Even though this video is just light sparring, there is a lot that can be seen.  Both good and bad elements.  It was a good day for us and everyone learned something that day.  These 2 short clips will probably provide months worth of training exercise and application training.

Round 1 Muay Thai vs Jow Ga Kung Fu


----------



## drop bear (Jul 30, 2016)




----------



## JowGaWolf (Jul 30, 2016)

drop bear said:


>


That's a good technique. I think there were 2 of those in the sparring video.


----------



## drop bear (Jul 30, 2016)

JowGaWolf said:


> That's a good technique. I think there were 2 of those in the sparring video.



They were all the other way. Opening the next shot rather than shutting it down.


----------



## JowGaWolf (Jul 30, 2016)

drop bear said:


> They were all the other way. Opening the next shot rather than shutting it down.

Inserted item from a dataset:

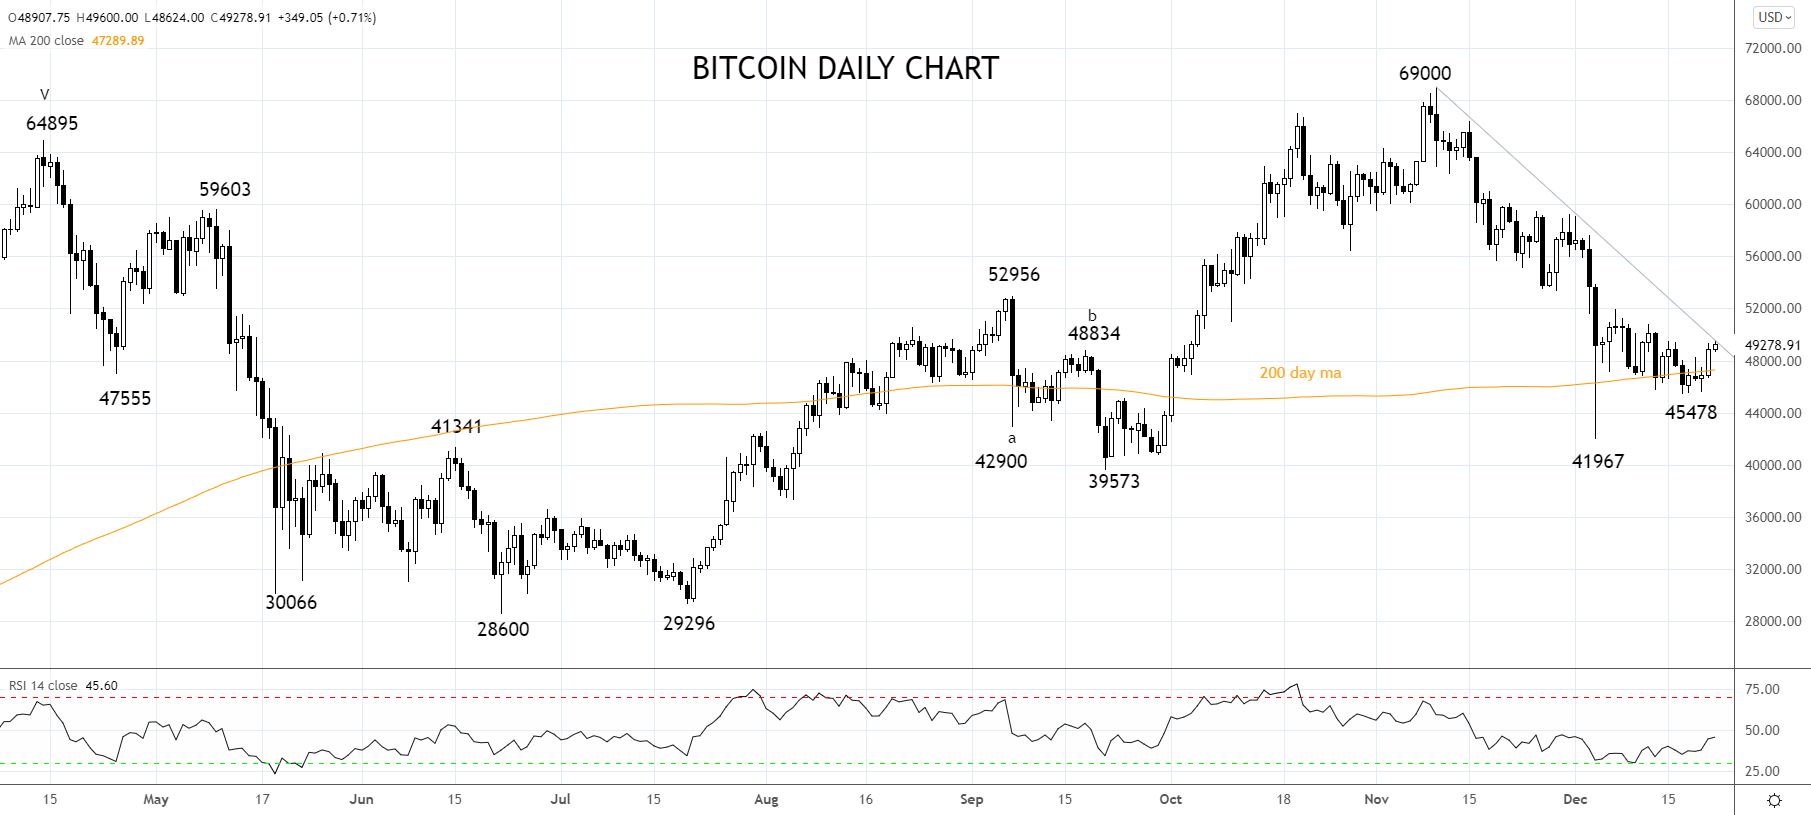 Bitcoin Daily Chart 22nd Dec

That is correct.  For me it's the scooping hand that is the technique so I see it as the same technique just applied to the different side of the leg.  I'm not sure if you can tell in this picture but I'm doing the same technique.  Opposite hand scoops-redirects opposite kicking leg,  This will be in the Round 2 videos that I post.  If the follow up counter is considered a part of the scooping hand technique then I guess that would be viewed as one technique.


----------



## FriedRice (Mar 22, 2017)

drop bear said:


>



I hate this Muay Thai, parrying technique.


----------



## JR 137 (Mar 23, 2017)

JowGaWolf said:


> This is a friendly match between my brother (Muay Thai) and Jow Ga instructors. My brother and I usually end up sparring when we are together and this time some of the Jow Ga students got a chance to test their Jow Ga Skills against Muay Thai.
> 
> Even though this video is just light sparring, there is a lot that can be seen.  Both good and bad elements.  It was a good day for us and everyone learned something that day.  These 2 short clips will probably provide months worth of training exercise and application training.
> 
> Round 1 Muay Thai vs Jow Ga Kung Fu



Finally, a striking video where I can easily tell which person is from which style, and not two people throwing haymakers and ridiculous looking kicks at each other.   And I thought that didn't exist lol.

On a side note, and please don't take it the wrong way, but why do you guys use that HUGE looping hook punch so much?  Every time I see it, all I can think is cover the sides of my head and dart in with a fast and hard cross.  Easier said than done however.


----------



## JowGaWolf (Mar 24, 2017)

JR 137 said:


> On a side note, and please don't take it the wrong way, but why do you guys use that HUGE looping hook punch so much?  Every time I see it, all I can think is cover the sides of my head and dart in with a fast and hard cross.  Easier said than done however.


Jow Ga Basic Punches are the big circular punches.  The big looping hook is a preference of the other instructor.  Jow Ga doesn't teach looping hooks.  Jow Ga hooks are more like boxing hooks.  The big circular punches are one example of long fist fighting.  They look like haymakers but they aren't and that's part of the deception.

This video shows the long punch better.


----------